#### Collected data:
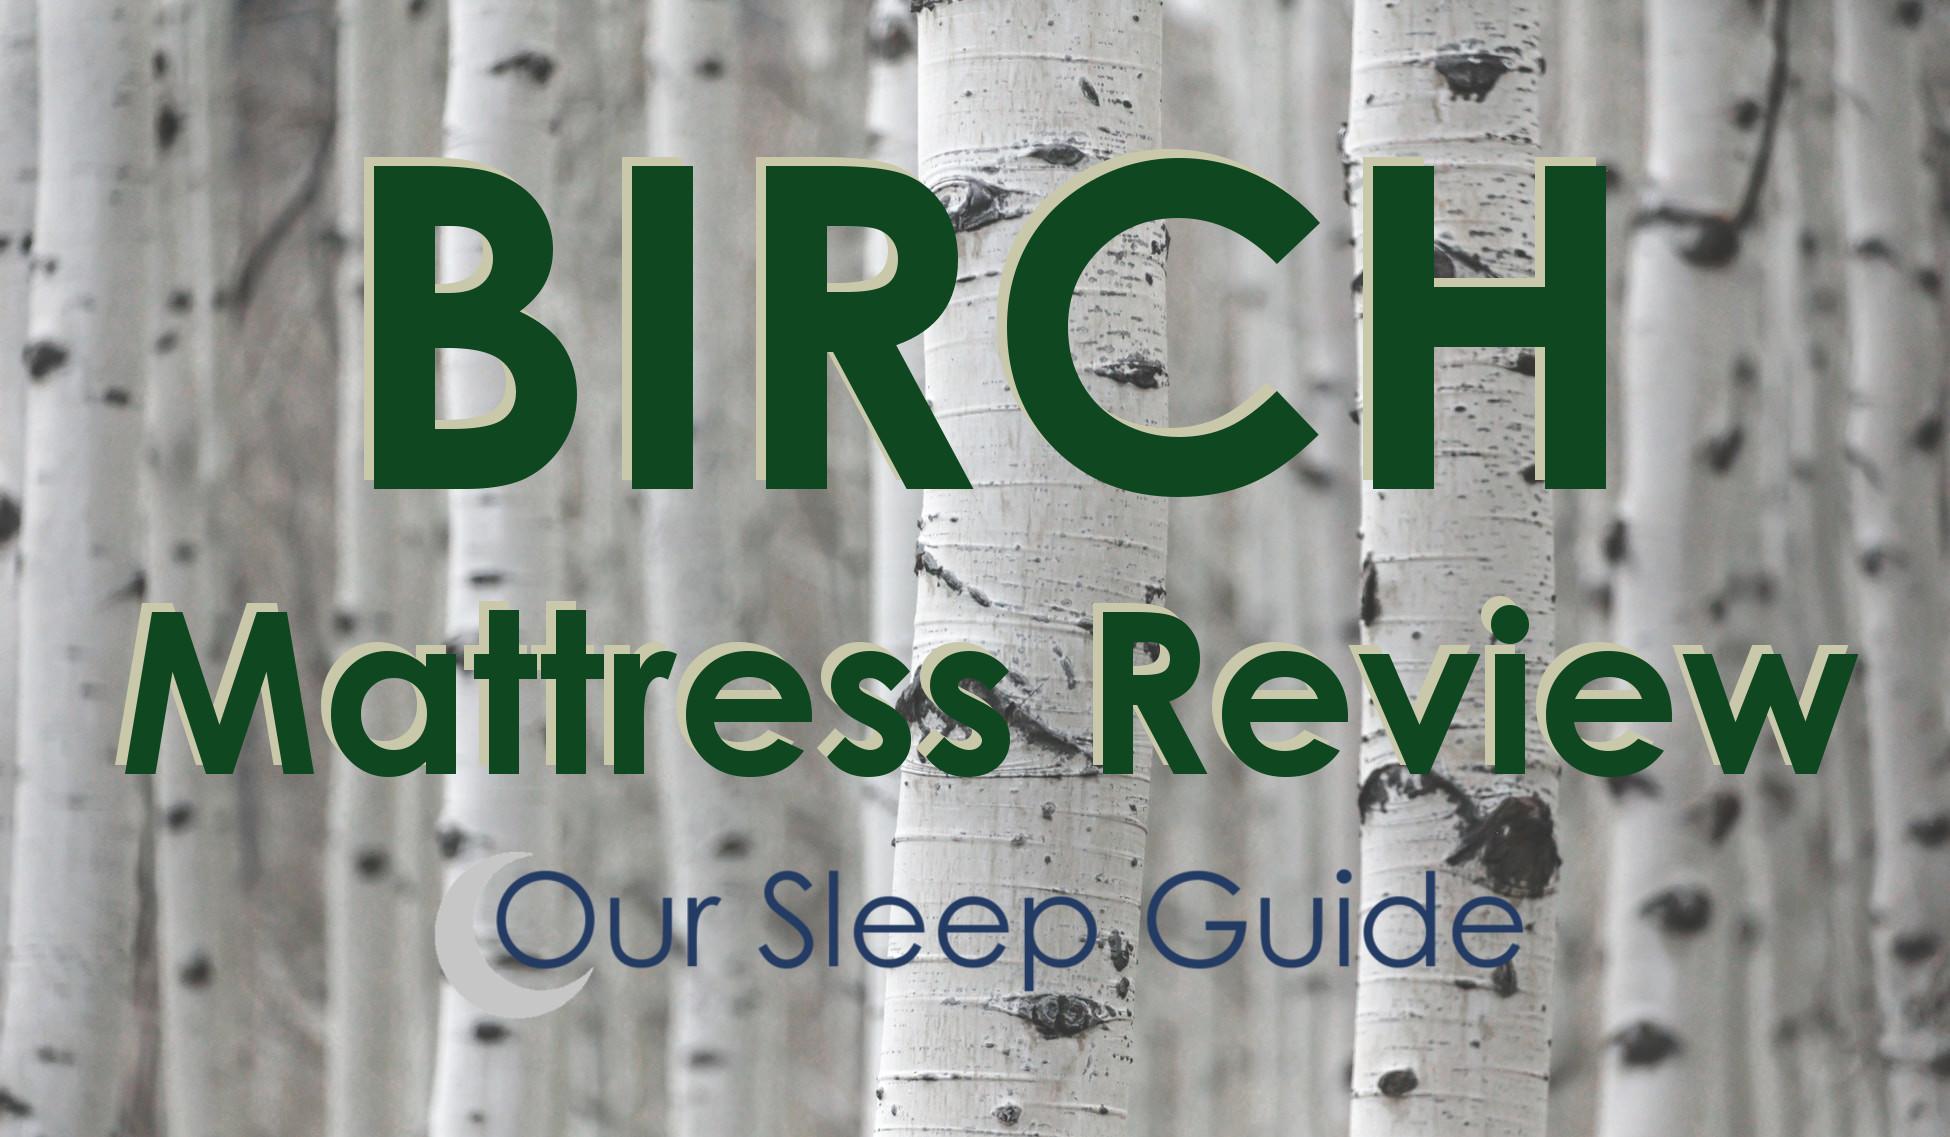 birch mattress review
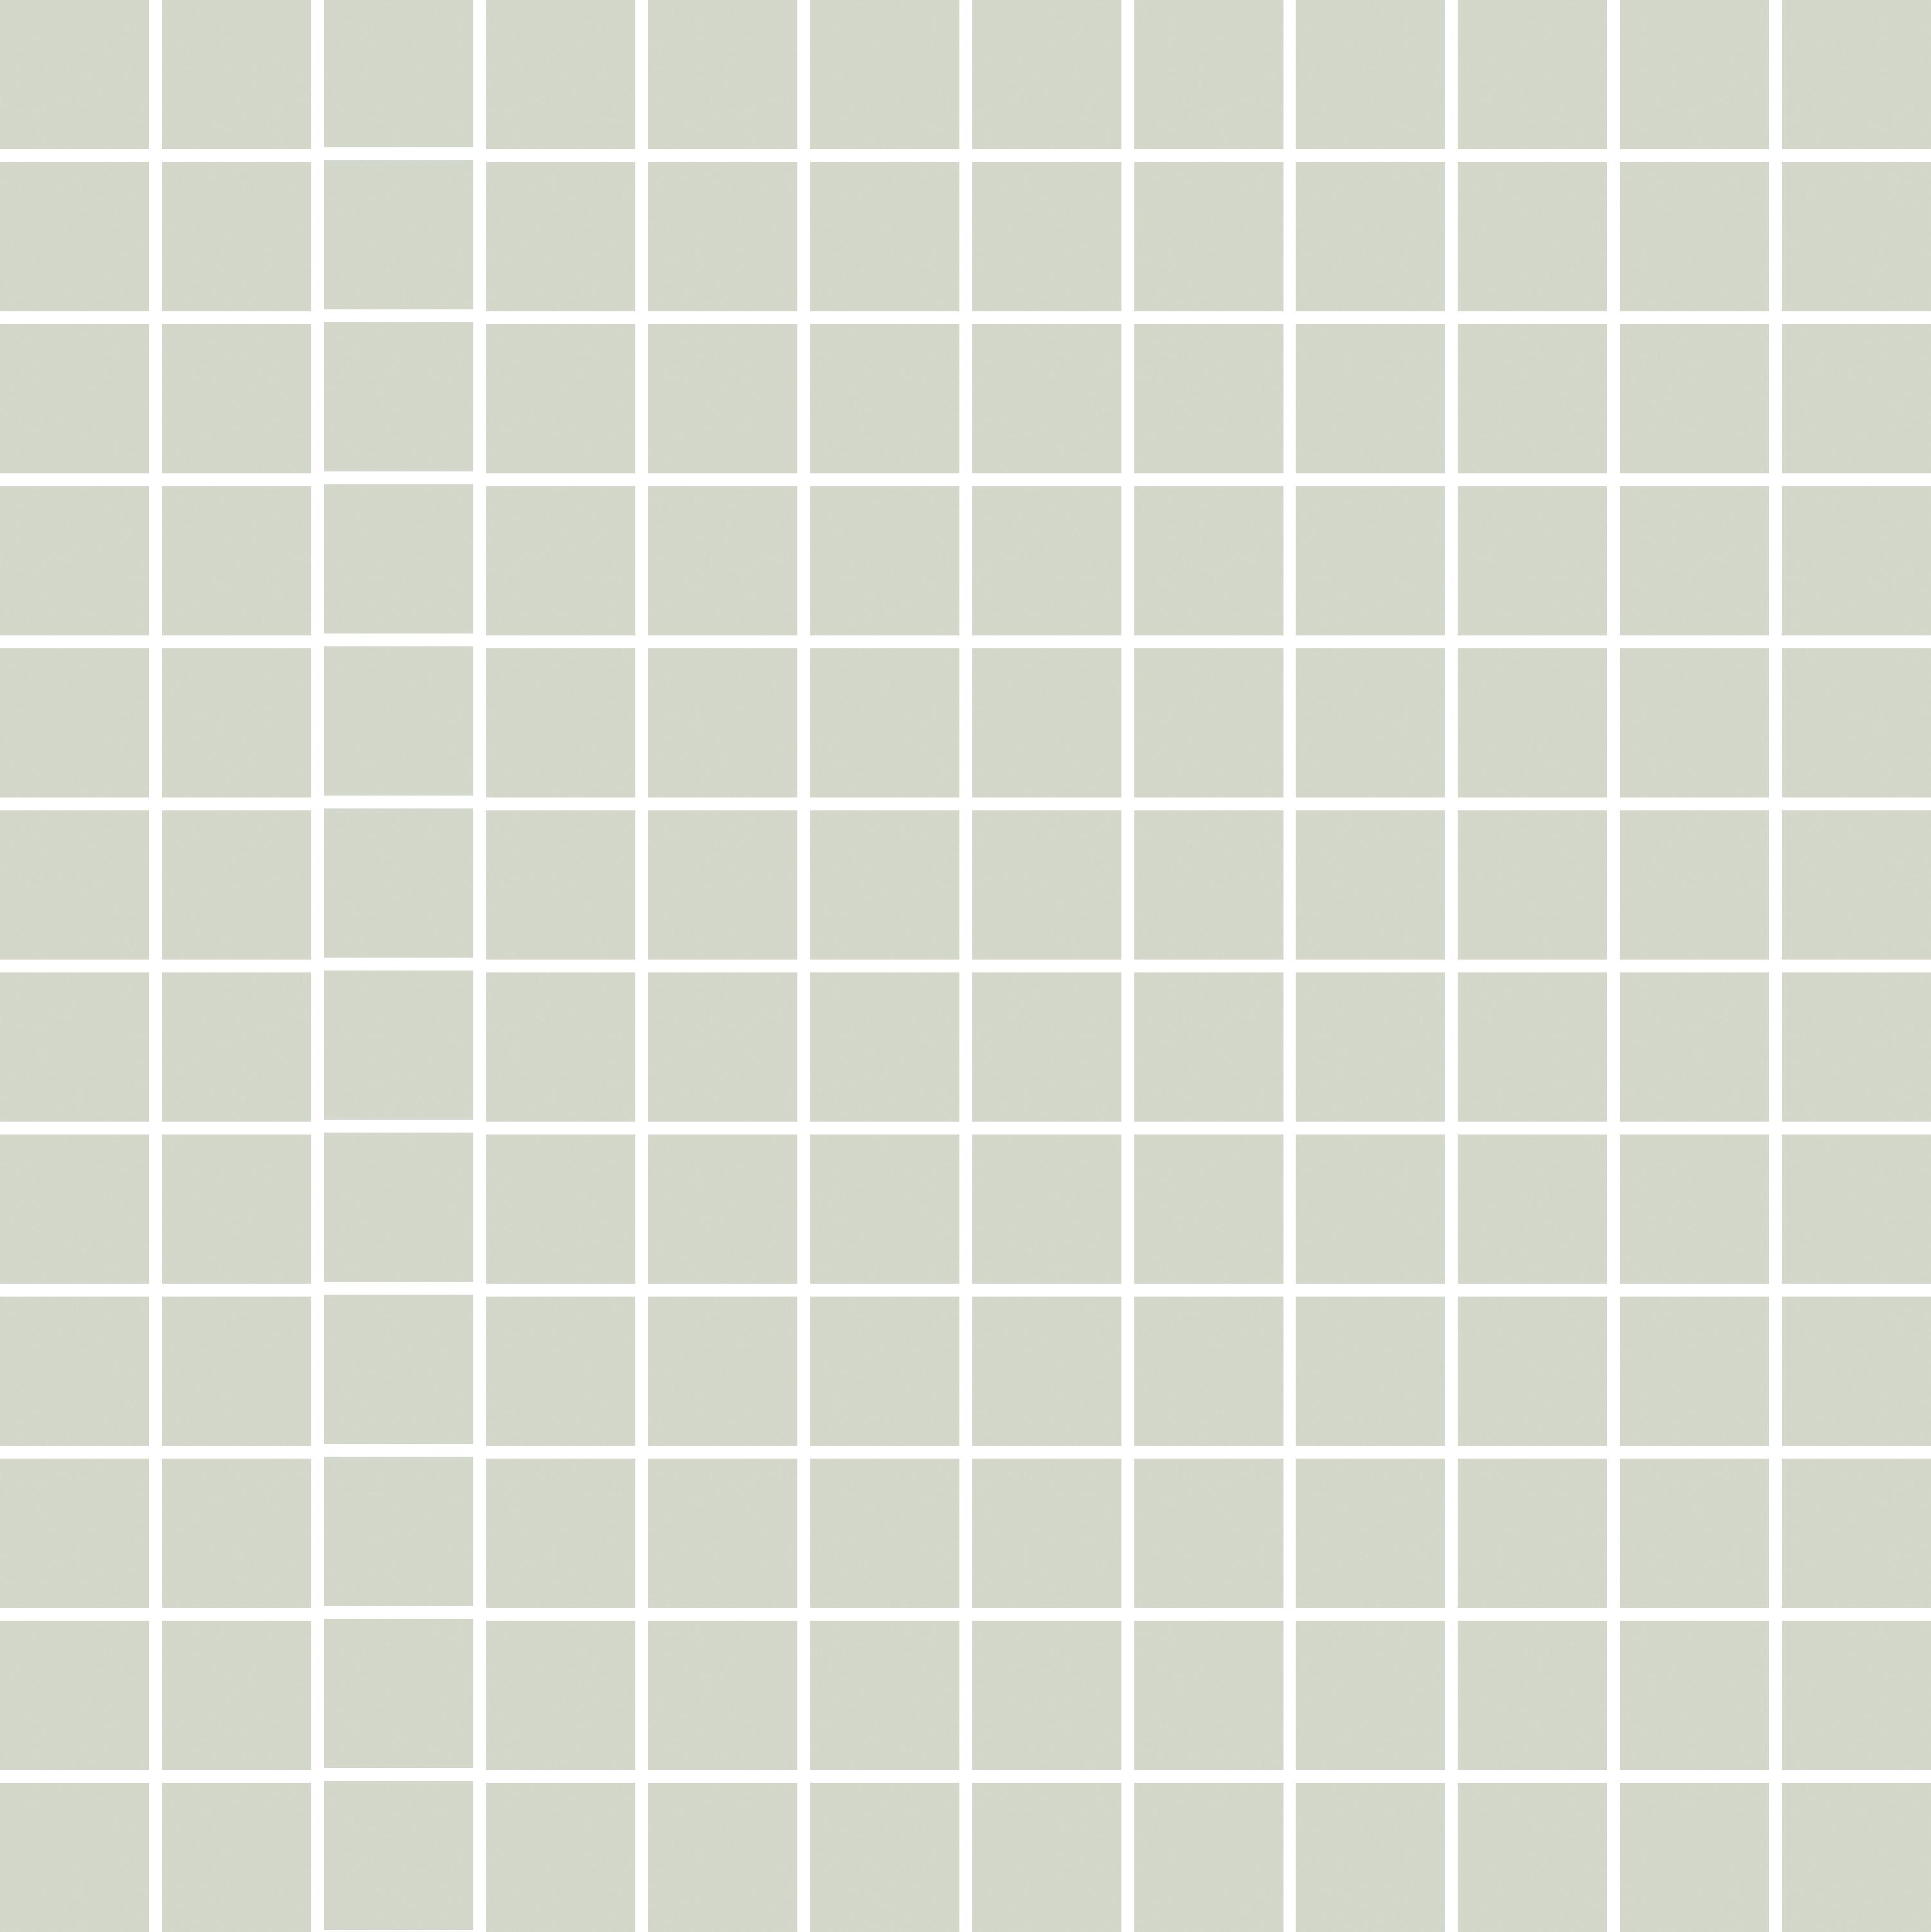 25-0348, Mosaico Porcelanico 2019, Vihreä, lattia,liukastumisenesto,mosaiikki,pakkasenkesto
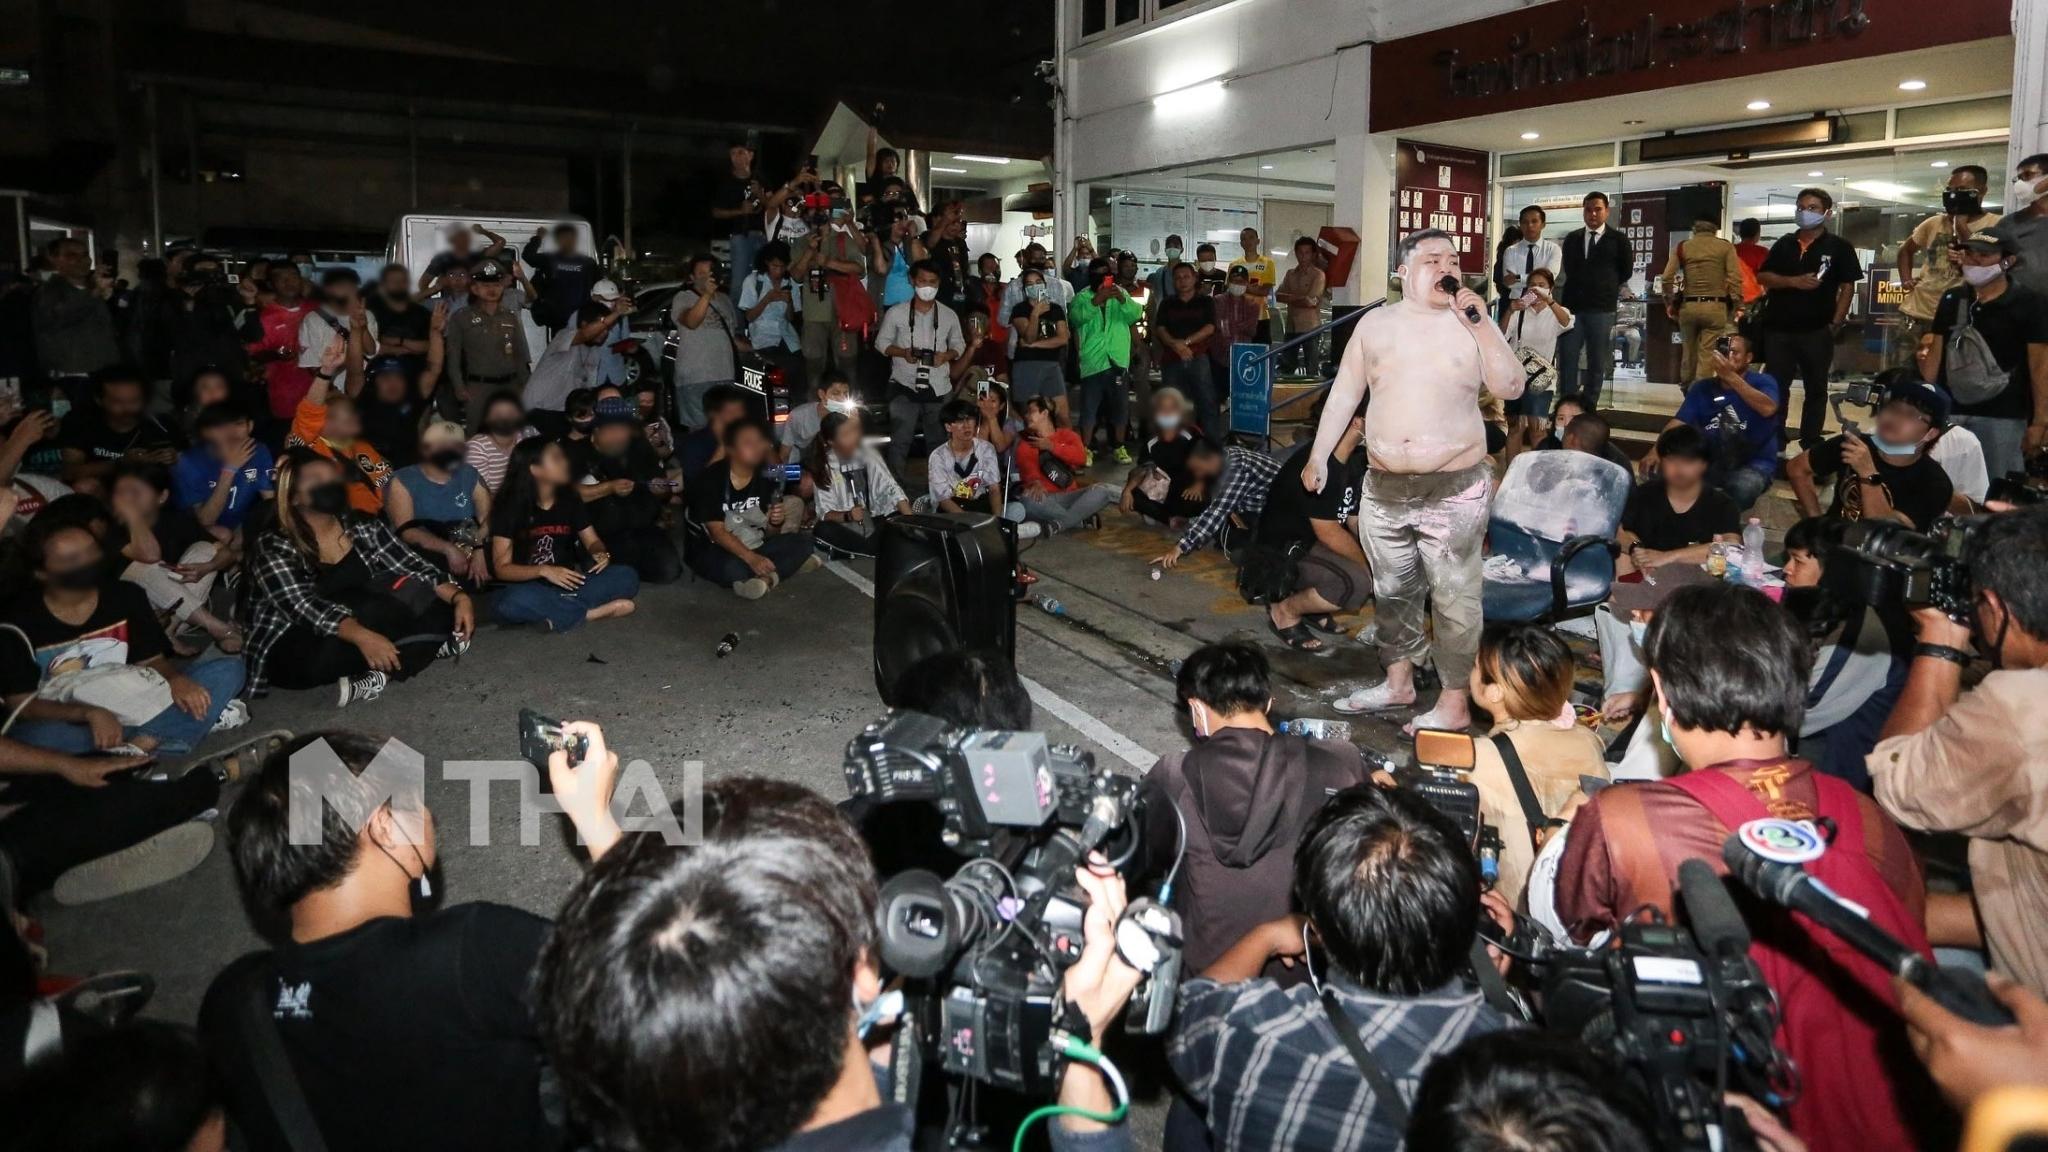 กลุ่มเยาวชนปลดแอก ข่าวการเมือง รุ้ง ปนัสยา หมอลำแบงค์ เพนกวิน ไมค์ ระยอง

#### Instructions for the task:
The images are to be left out; every line above should be set down exactly.

#### Exercise solution:
 birch mattress review
 25-0348, Mosaico Porcelanico 2019, Vihreä, lattia,liukastumisenesto,mosaiikki,pakkasenkesto
 กลุ่มเยาวชนปลดแอก ข่าวการเมือง รุ้ง ปนัสยา หมอลำแบงค์ เพนกวิน ไมค์ ระยอง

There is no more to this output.